:: Exercise description ::
Reproduce all the data exactly, without pictures.

:: Recorded information ::
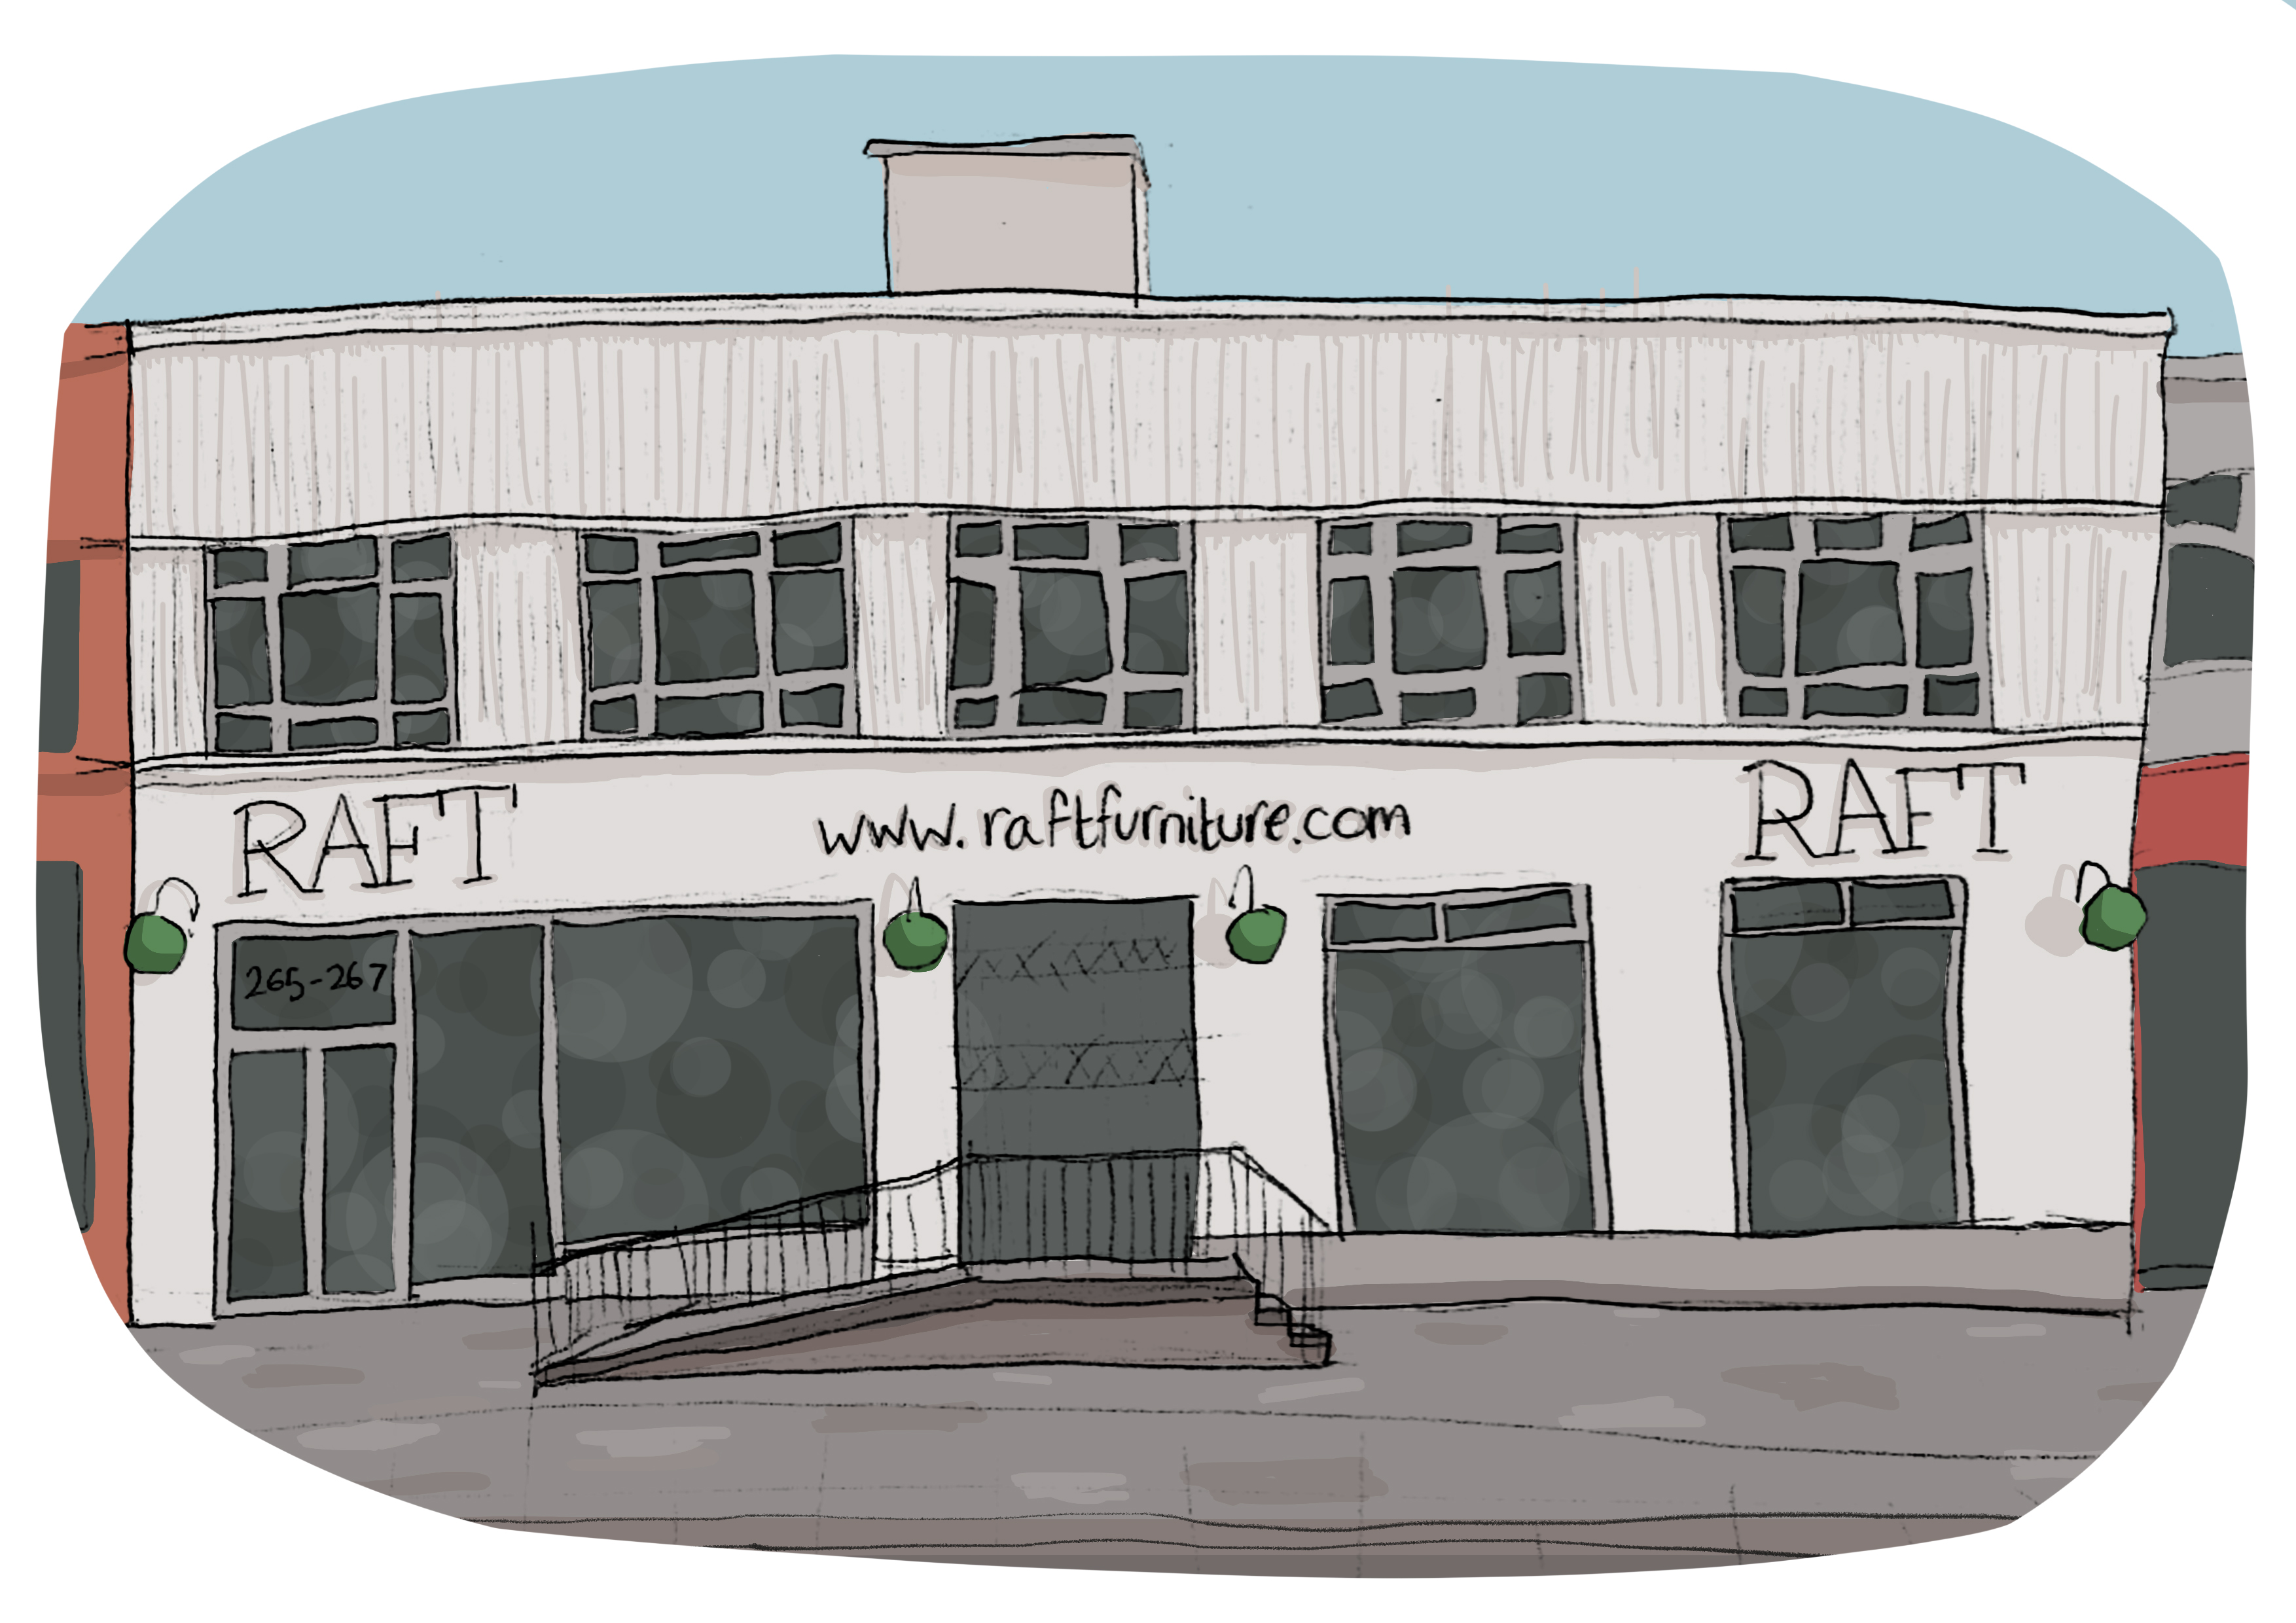 Raft Furniture
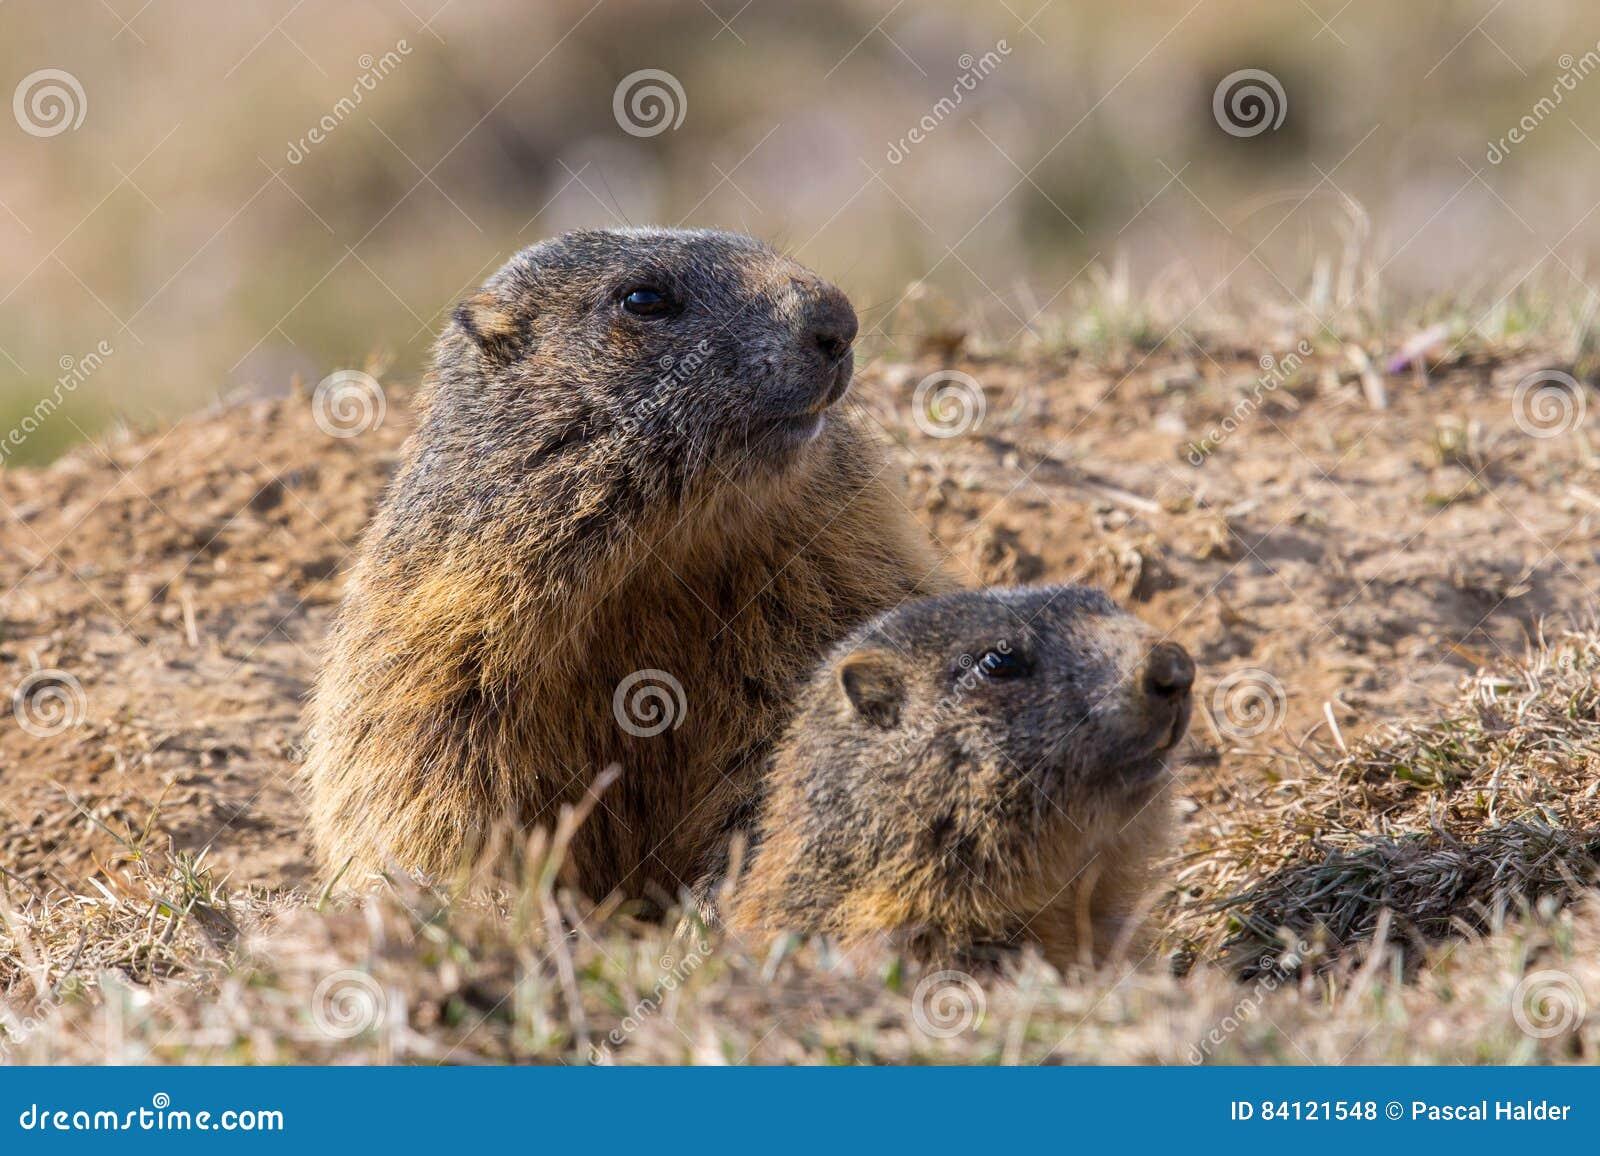 Two sitting groundhogs Marmota monax
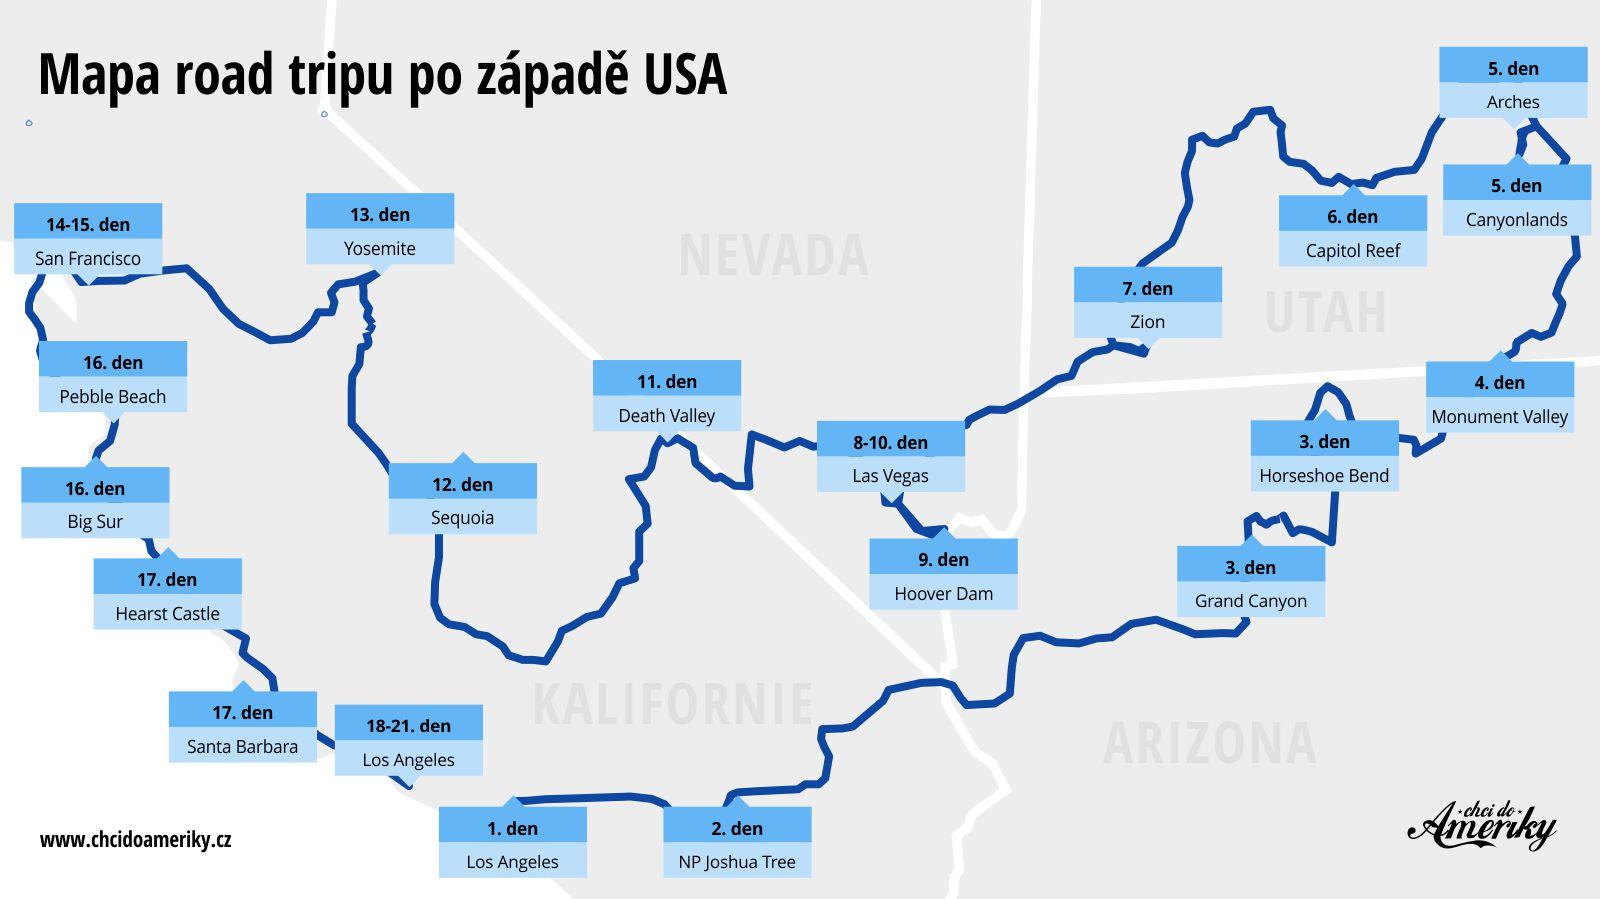 Mapa road tripu po USA

:: Written solution ::
 Raft Furniture
 Two sitting groundhogs Marmota monax
 Mapa road tripu po USA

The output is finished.